A tangent space is a useful structure which can be extracted from the differential structure of an n-dimensional manifold M. On such a manifold, it is handy to be able to define vectors, so that we can calculate things like, say, the velocity of a given curve defined on M. However, since a general manifold doesn't have to be defined as a subspace of flat euclidean space, we can no longer just think of a vector as some "arrow" living in the ambient space. In euclidean space, we would just draw an arrow, and state that it's "located" at the coordinates of the non-pointy end of the arrow, and it had a "direction" and "magnitude" given by the coordinates of the "point" of the arrow. We were able to get away with this nonsense because there was no curvature in euclidean space, and our vectors therefore are given by straight lines. The essential core of a vector is linearity, and it is that property of vectors that we cannot lose when generalize to curved spaces. Therefore, we can no longer define our vectors as living in the manifold itself. If we try to represent our vectors as "curved" arrows in the manifold, there is no proper way of "adding" them together; we lose linearity. The bottom line is, we need a new place for our vectors to live. So, we seek to define the tangent space to M at any given point p in the manifold. This can be done in a few different ways.
If M is an n-dimensional differential manifold, the tangent space to M at p, denoted TpM, is an n-dimensional vector space. You might like to think of it as the "closest flat approximation to M at p", but so far, it's really just a copy of Rn where vectors at p can be defined.
Curves in the Manifold
Let's begin in a familiar setting. We look at the velocity vector for a curve in R3. Define the curve as a map C: (-1,1) → R3. In local coordinates on R3 (which we can just take to be the cartesian coordinates), we can represent C by (x1(t), x2(t), x3(t)). The tangent vector to C inside of R3 is given by just taking the derivative with respect to the curve parameter, t: (dx1/dt|p, dx2/dt|p, dx3/dt|p). This can be interpreted as the velocity vector of the curve at the point p.
Now, there is no reason we can't do this for arbitrary manifolds; in a small enough neighborhood of a point p, we have a local coordinate representation of any curve passing through p, and thus we can compute the tangent vector to such a curve in those coordinates. We can then compare the tangent vectors to multiple curves passing through p in a natural way, since we can use the same coordinate representation to look at both curves.
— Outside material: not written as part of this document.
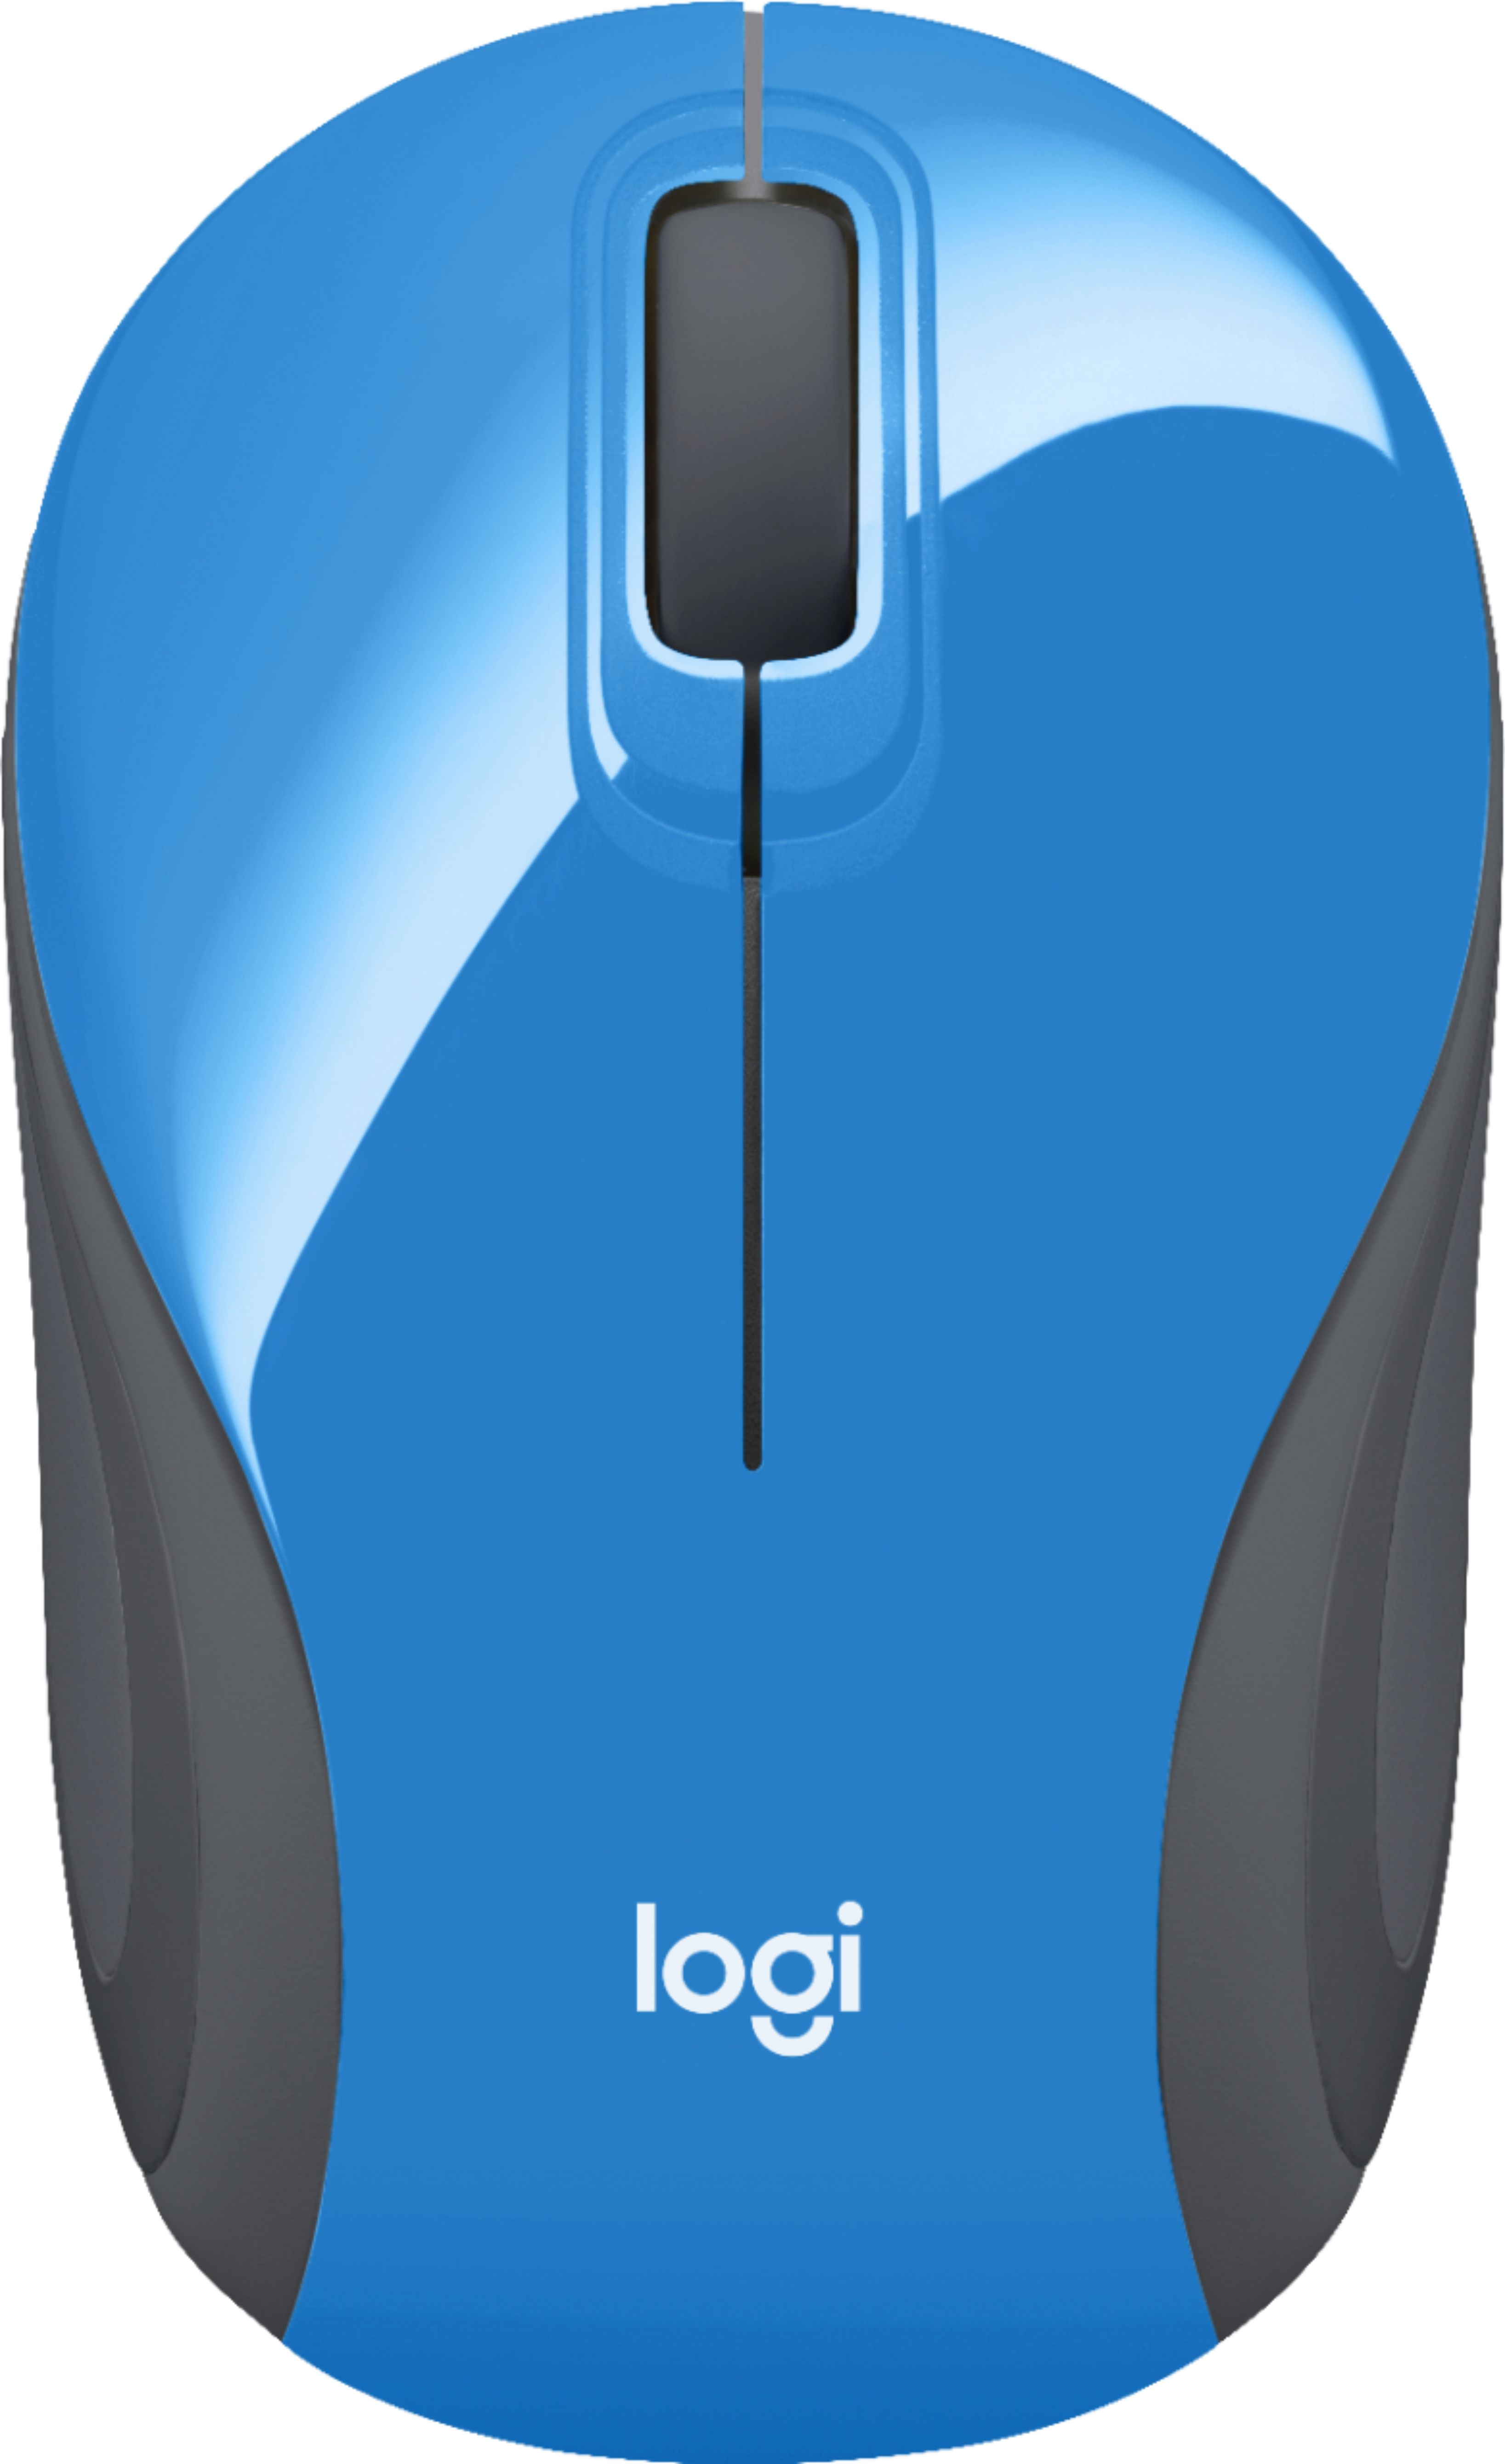 Logitech M187 Mini Wireless Optical - Ambidextrous Blue-gray Mouse Best 910-002728 Buy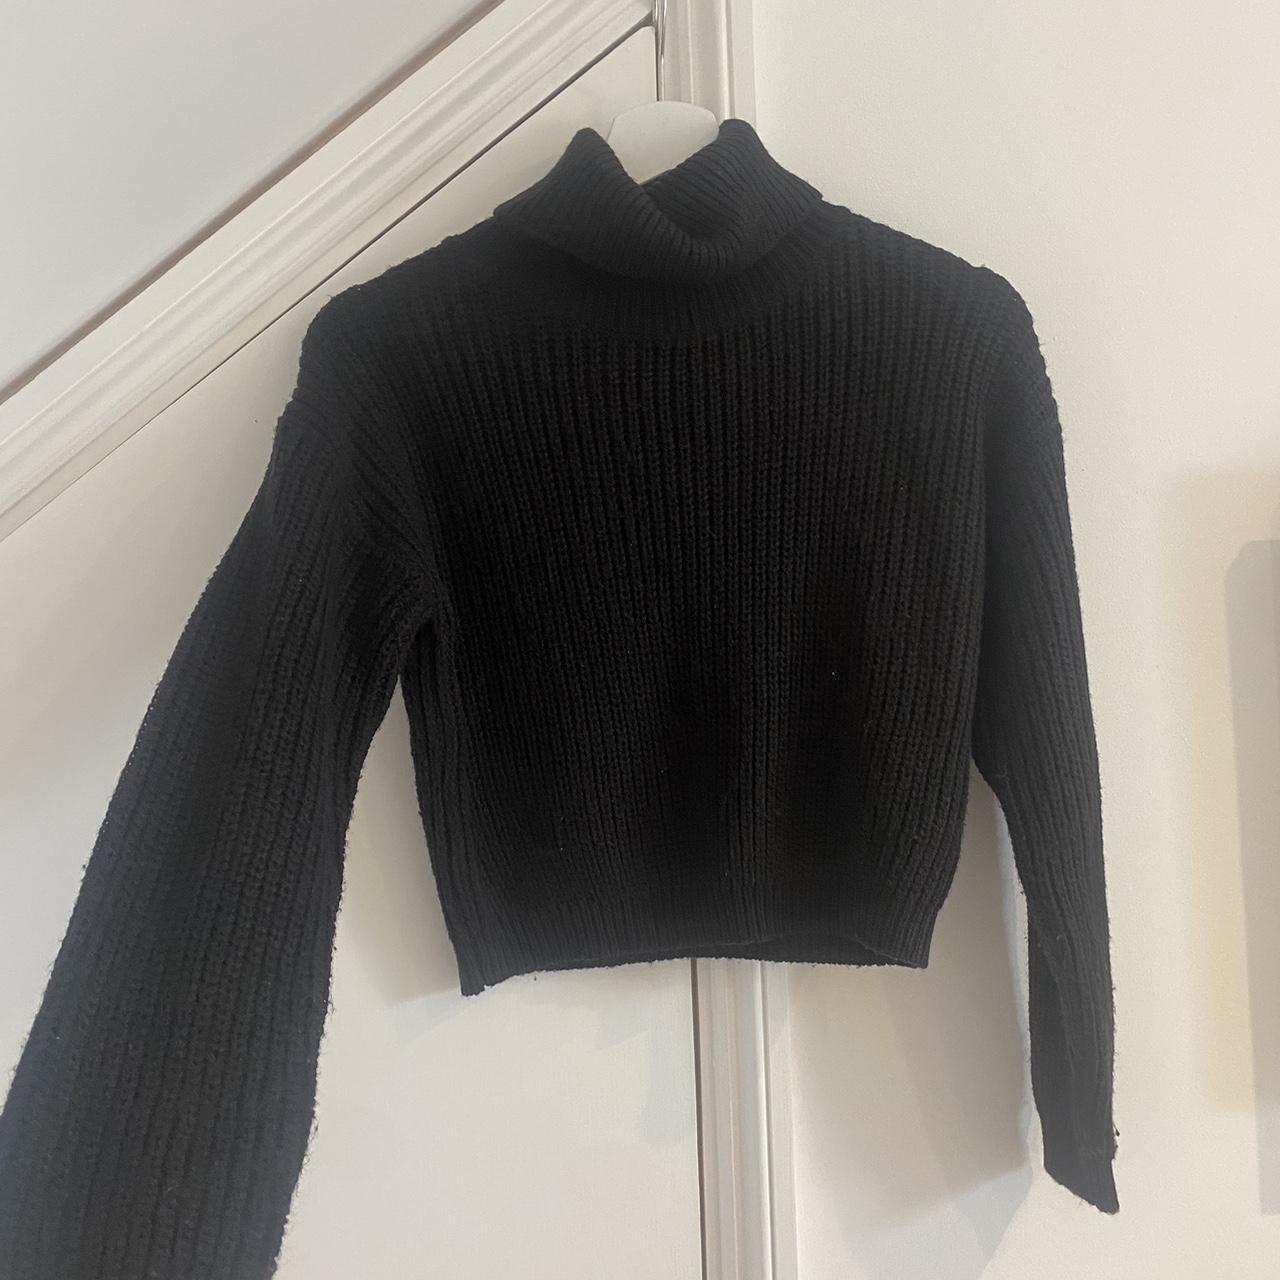 Boohoo - black crop knit jumper with turtle neck.... - Depop

All of this is useful to us, because in a way we can now associate vectors defined at a point p on M with curves in M passing through p; "vectors" are really just the velocities of curves. This definition is nice, because it is a completely coordinate-independent statement. Note, however, the relationship between vectors at p and curves passing through p is not a one-to-one mapping. For a given vector vp at p, there are many different curves passing through p which have the same velocity vp. Therefore, in order to associate the tangent space at p with the set of curves passing through p, we must first define an equivalence class of curves.
Consider the set of curves on M passing through p. An element Cj of this space is a map Ci: (-1,1) → M such that Cj(0) = p.
Define two such curves Cj and Ck to be "equivalent" when their tangent vectors at p agree in a local coordinate representation {xi} about p. You can check that this definition is independent of the choice of coordinates {xi}.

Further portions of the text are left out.